I lost $70 worth of makeup later that night when my bag popped open during a particularly rousing grindtrain to Kevin Lyttle’s “Turn Me On.” All the creams, toners, primers, foundations, eyeshadows to highlight, eyeshadows to contour, and eyeshadows to shadow my eyes with scattered across the party bus floor and I was too dizzy from shots of syrupy vodka to notice.
I went to get my hair done with the same girl who inadvertently brought me to buy my prom dress. She was much better at this type of stuff than I was: she grew up with two older sisters and a single mother. Surrounded by women who comfortably and fearlessly talked about being women, she knew things about tampons, tanning, boys, and how to tape your boobs up that I still haven’t figured out.

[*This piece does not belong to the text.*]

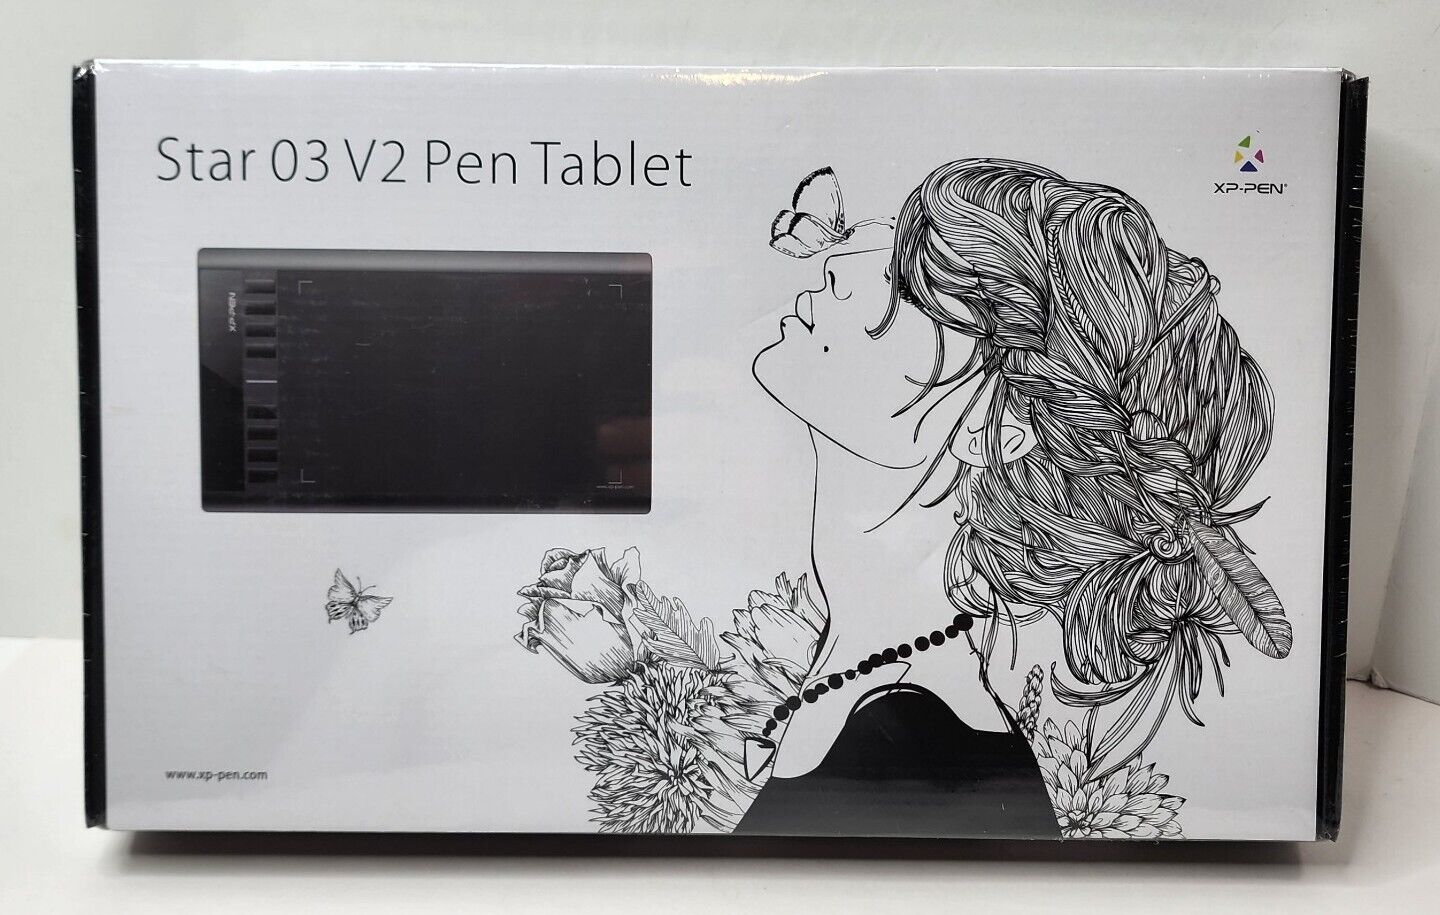 XP-Pen - Star 03 V2 Pen Tablet - 10x6 Inch Drawing Tablet - New/Sealed

I forgot my pictures of hairstyles at home so instead I uselessly babbled about curls and “the tone” of my dress until the stylist wrapped a smock around my neck, told me I was getting something “a little up and a little down,” and drowned out my questions with a hairdryer. My hair did indeed end up being a little up and a little down. Unfortunately, my blowout lasted all of two hours — there are some things that just can’t survive ponnin’ de floor.